Oliver v. Oliver

561 So. 2d 908, 1990 WL 60944
CourtLouisiana Court of Appeal
DecidedMay 9, 1990
Docket21438-CA
StatusPublished
Cited by15 cases

This text of 561 So. 2d 908 (Oliver v. Oliver) is published on Counsel Stack Legal Research, covering Louisiana Court of Appeal primary law. Counsel Stack provides free access to over 12 million legal documents including statutes, case law, regulations, and constitutions.

Bluebook
Oliver v. Oliver, 561 So. 2d 908, 1990 WL 60944 (La. Ct. App. 1990).

Opinion

561 So.2d 908 (1990)

James E. OLIVER, Plaintiff-Appellant,
v.
Joe Ann Cotton OLIVER, Defendant-Appellee.

No. 21438-CA.

Court of Appeal of Louisiana, Second Circuit.

May 9, 1990.

*909 Love, Rigby, Dehan, McDaniel & Goode, by Hani E. Dehan & Kenneth Rigby, Shreveport, for plaintiff-appellant.

J. Peyton Moore, Shreveport, for defendant-appellee.

Before MARVIN, LINDSAY and HIGHTOWER, JJ.

LINDSAY, Judge.

This appeal arises from a judgment rendered in a suit for judicial partition of the community between James E. Oliver and Joe Ann Cotton Oliver. Mr. Oliver appealed, citing several alleged errors by the trial court. Mrs. Oliver answered the appeal.

FACTS

The parties were married June 3, 1959. Of this marriage two children were born, both of whom have now achieved majority. The parties physically separated in July of 1982. Mrs. Oliver moved to Lafayette, Louisiana, where she obtained employment. Mr. Oliver remained at the matrimonial domicile in Shreveport.

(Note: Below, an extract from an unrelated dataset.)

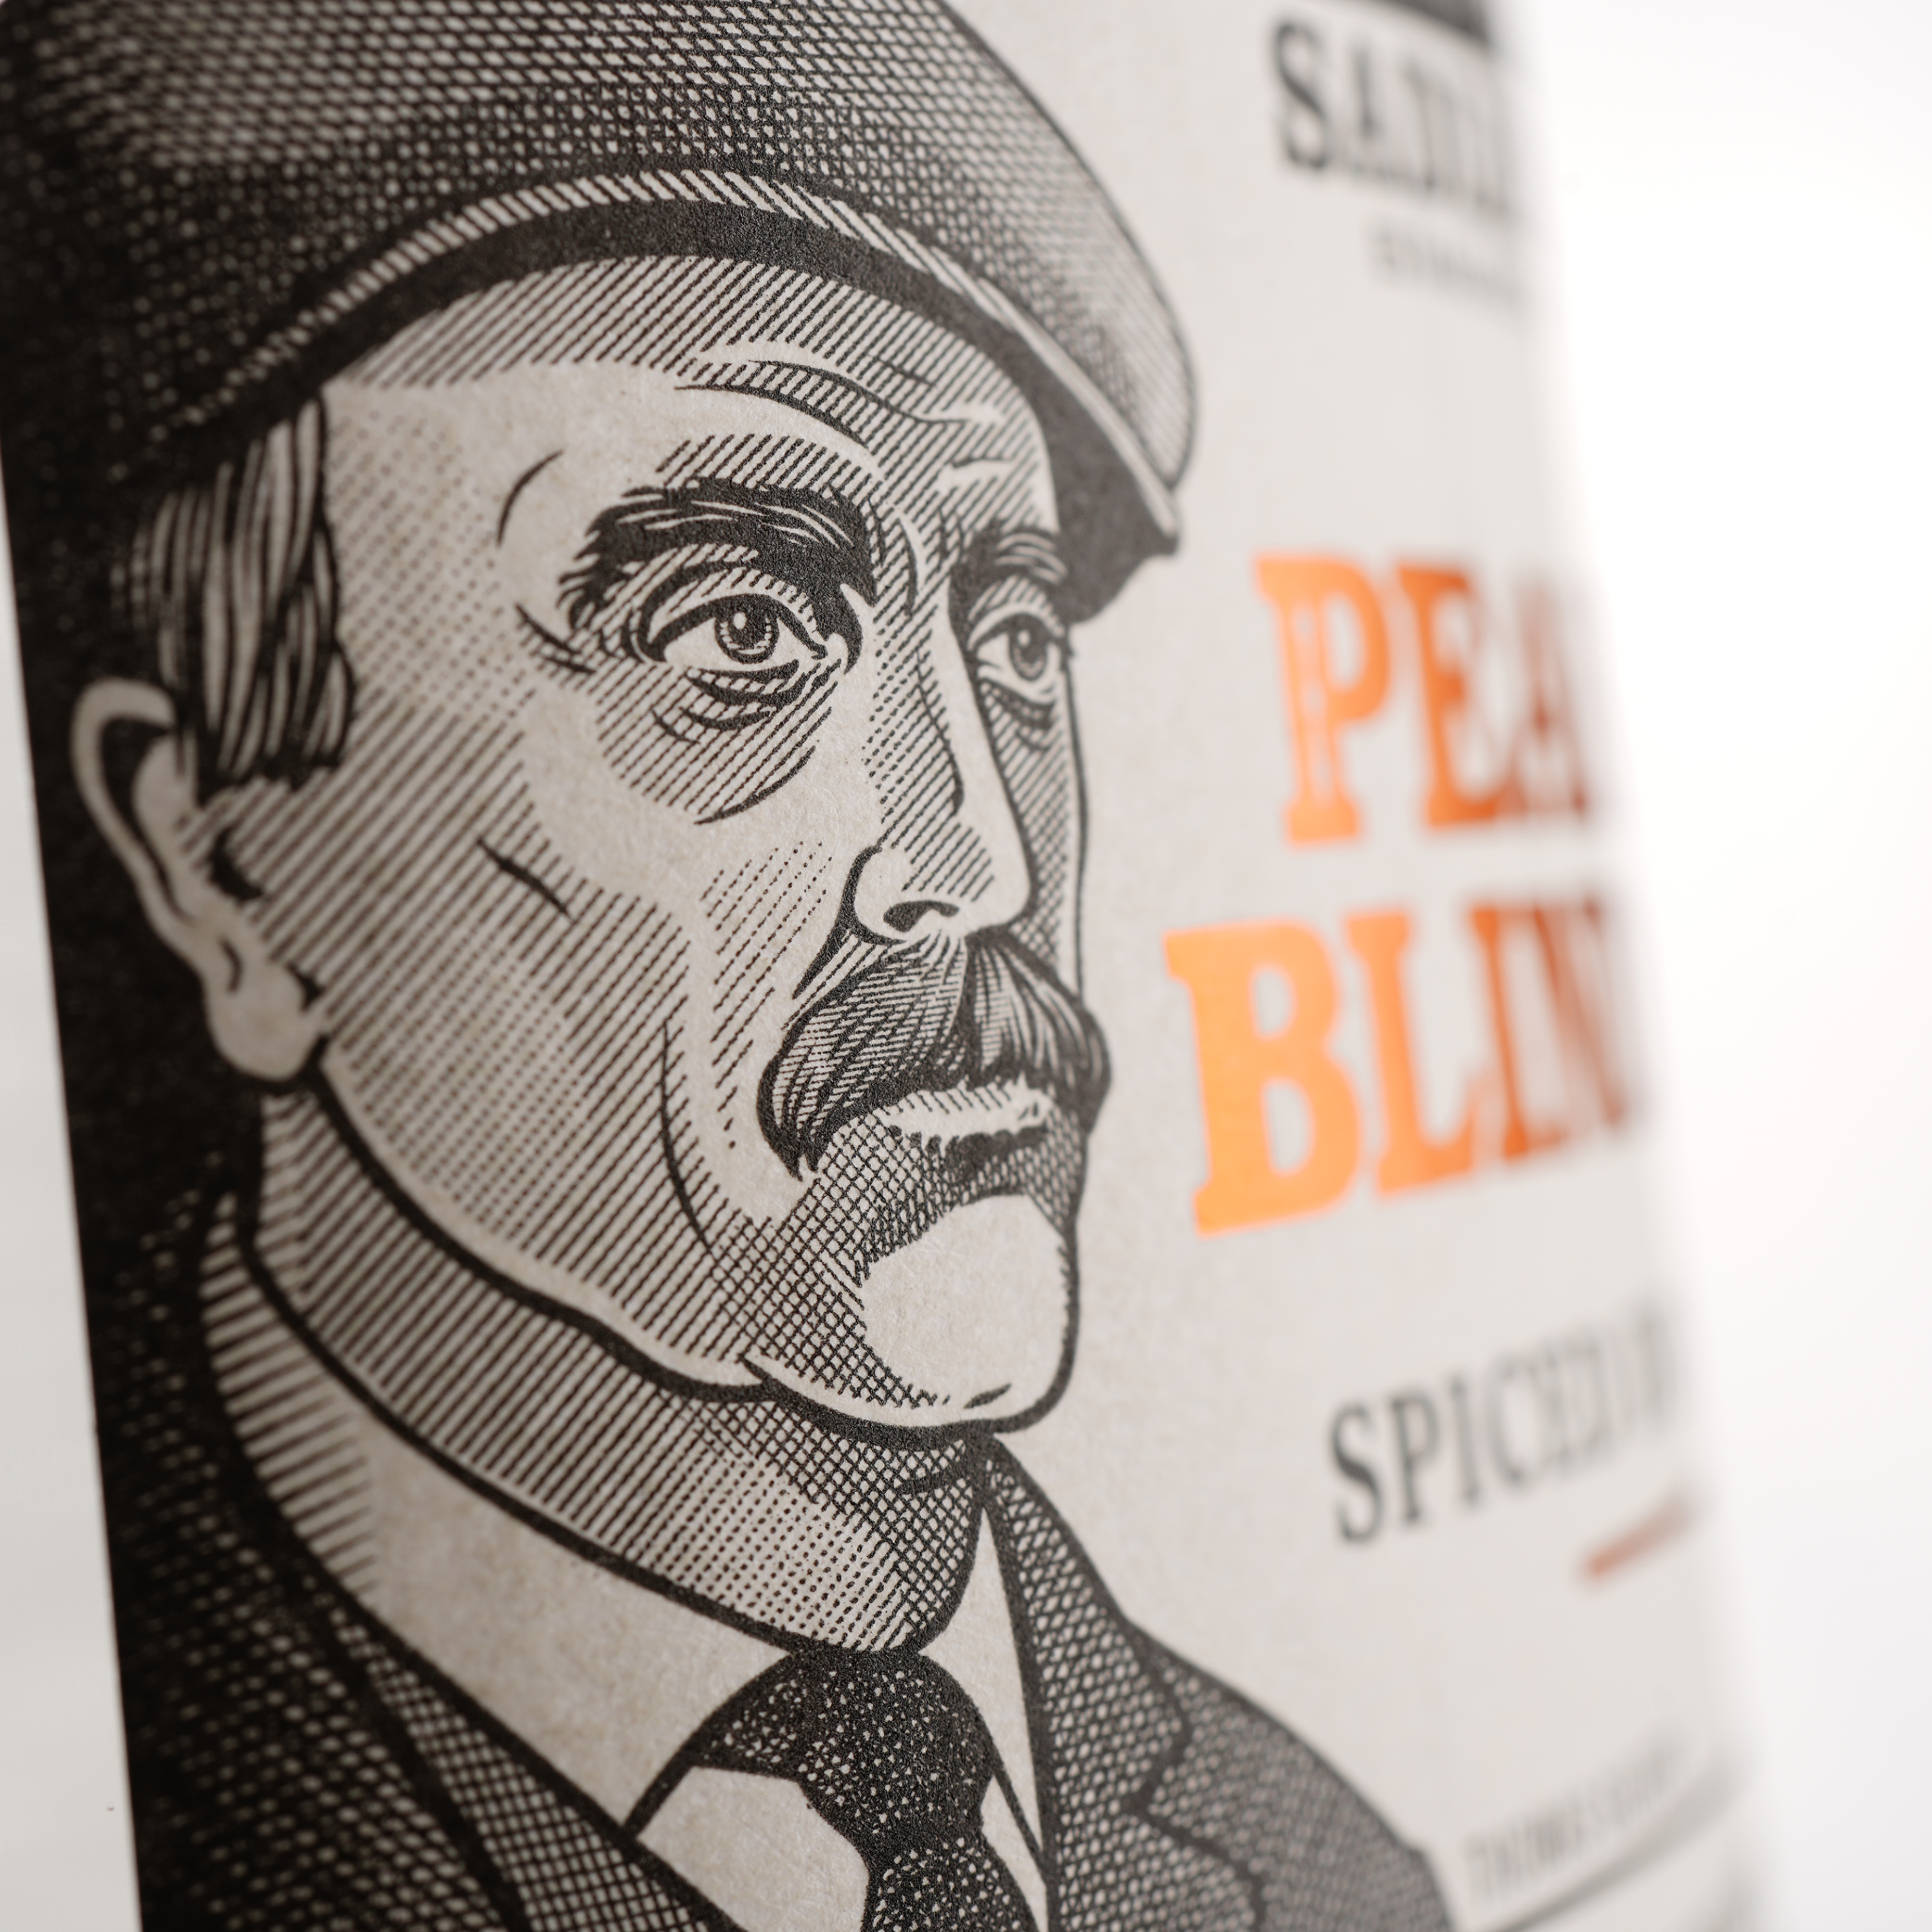 Джин Peaky Blinder Spiced Dry Gin, 40%, 0,7 л - фото 3
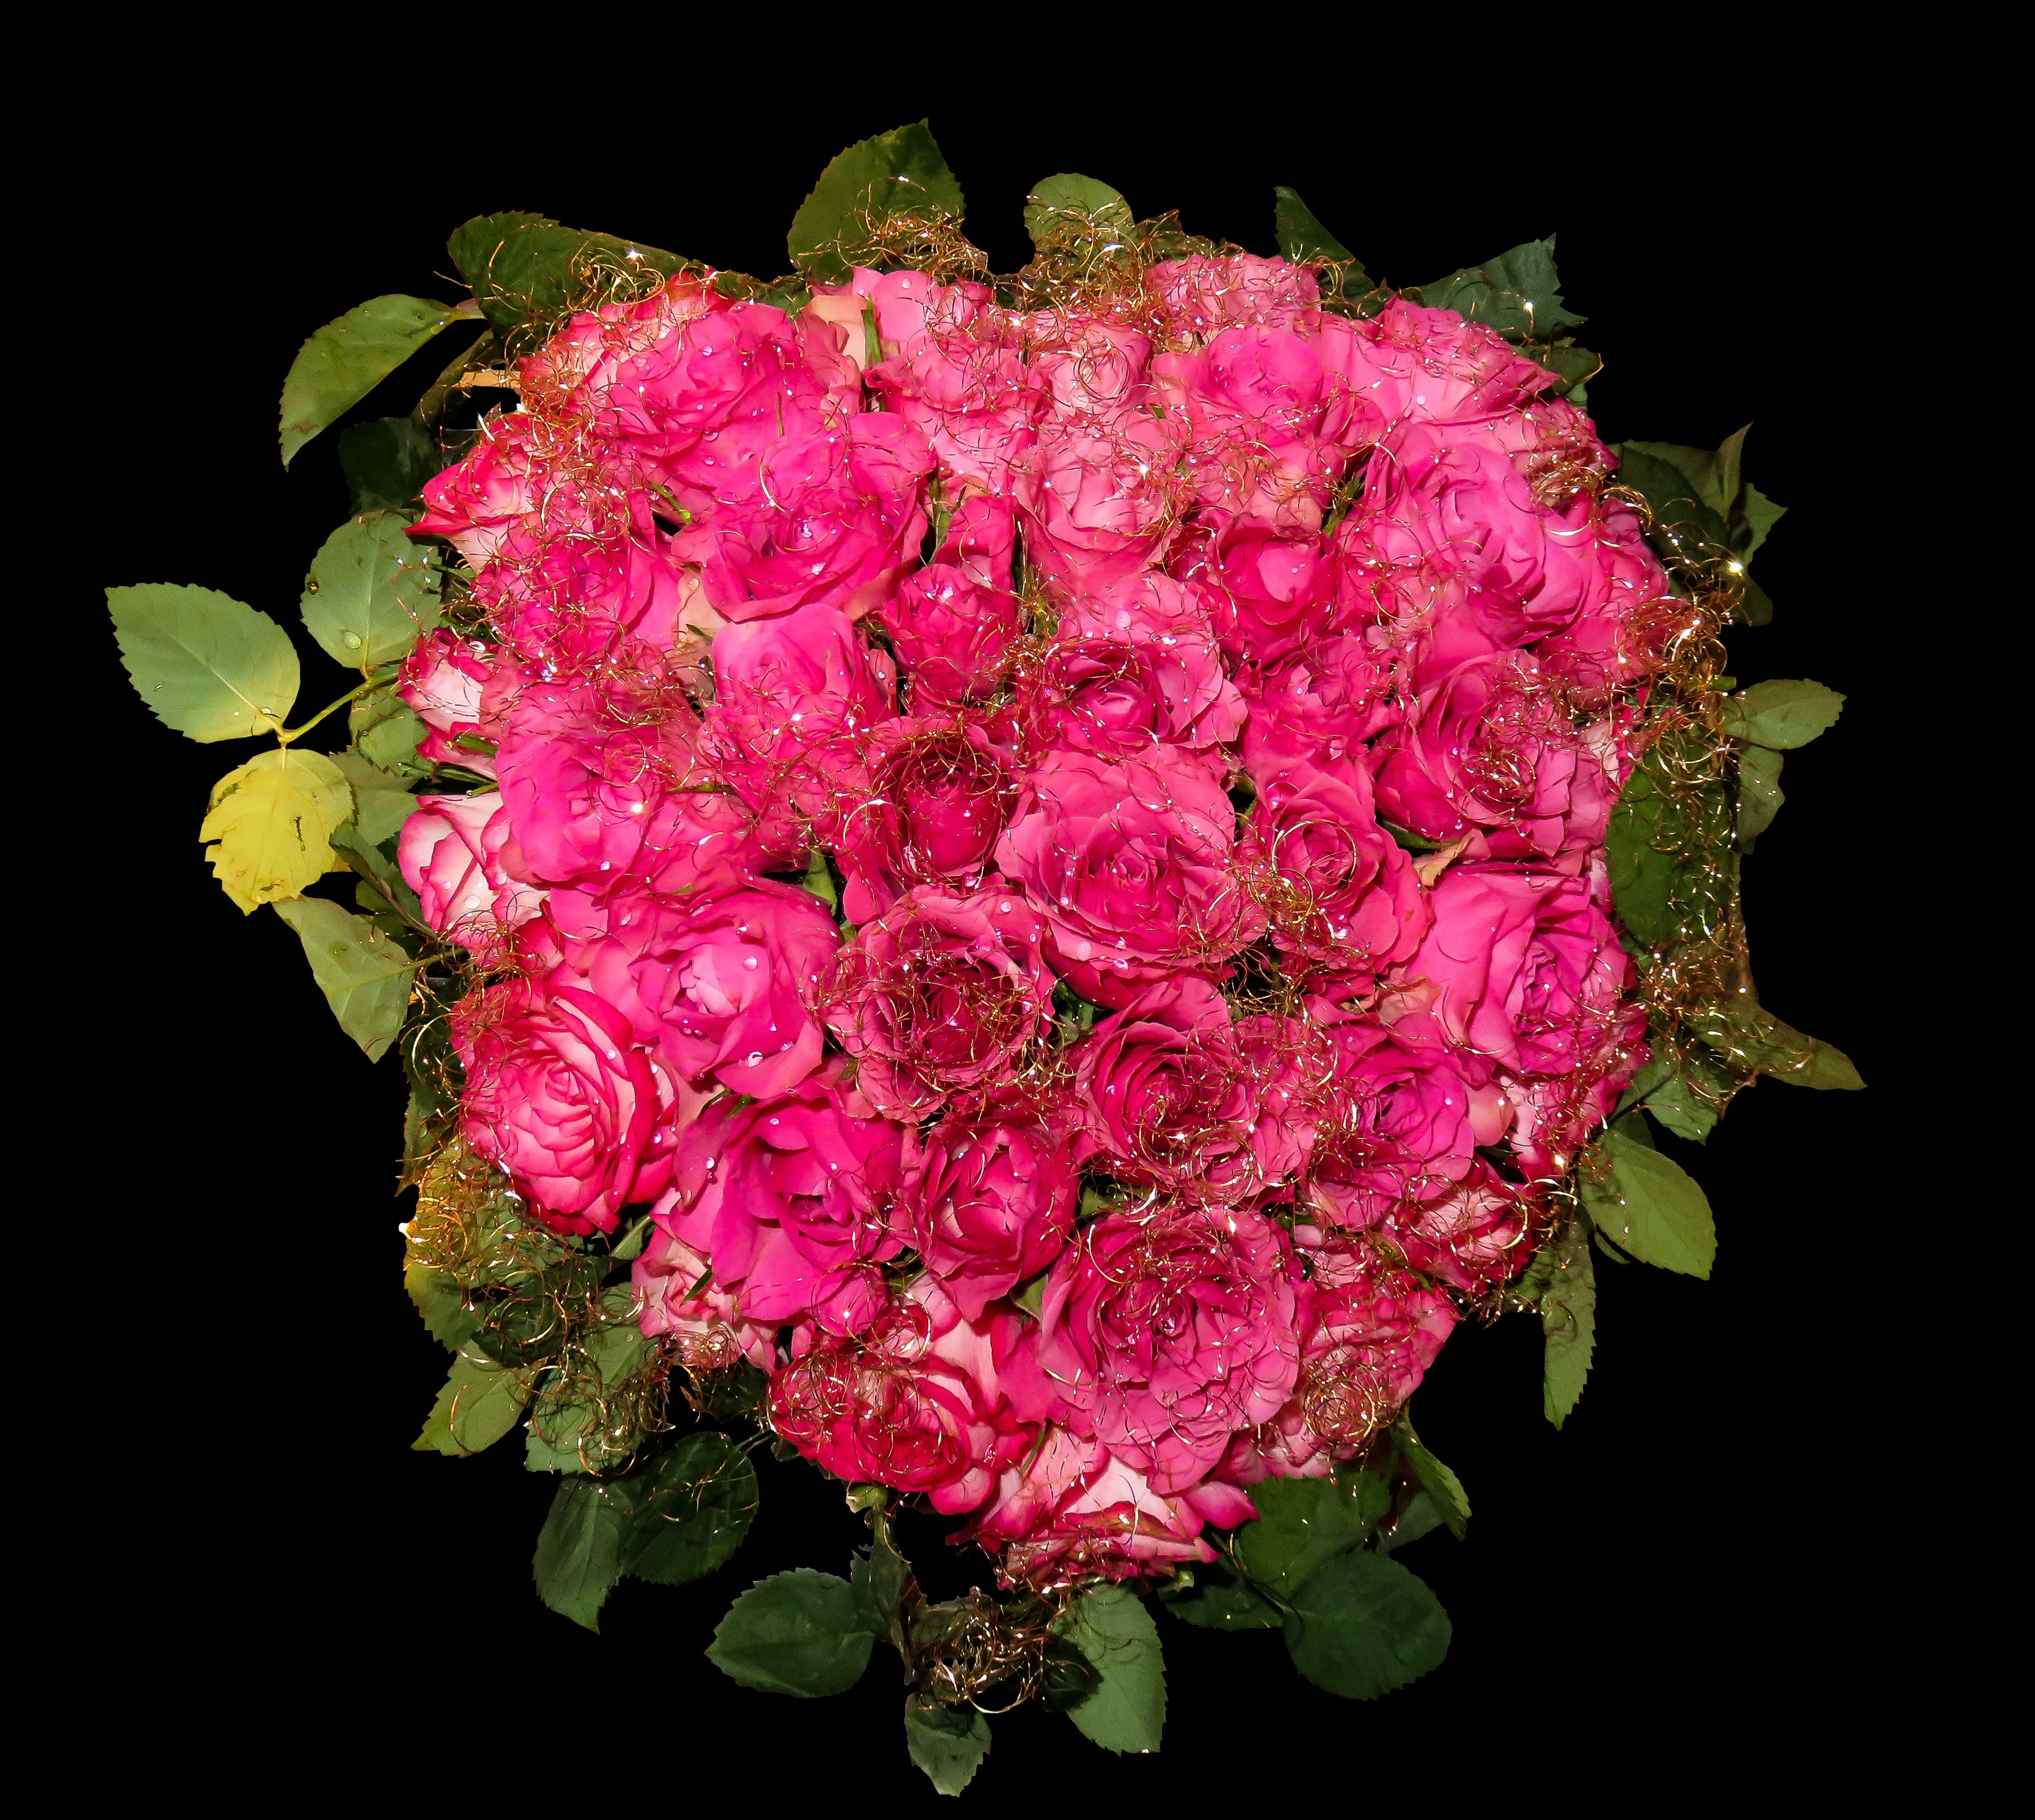 Flowers, Bouquet, Roses, flower, pink color

On September 23, 1982, Mr. Oliver filed a petition for separation. Mrs. Oliver did not contest these proceedings, and a judgment of legal separation was signed October 27, 1982. At this point, the community was dissolved, retroactive to the filing of the separation suit on September 23, 1982.

*910 On April 29, 1983, Mr. Oliver filed a petition for divorce. The divorce was granted by judgment signed on June 1, 1983.

On June 15, 1987, Mrs. Oliver filed a petition for judicial partition of the community property. After lengthy discovery proceedings, trial on the merits was held on February 10, 1989. On the same day, in response to Mrs. Oliver's claims for an accounting for community funds allegedly withdrawn by Mr. Oliver, Mr. Oliver filed an exception of prescription based on LSA-C.C. Art. 2369. This article provides that the obligation to account prescribes in three years from the date of the termination of the community property regime.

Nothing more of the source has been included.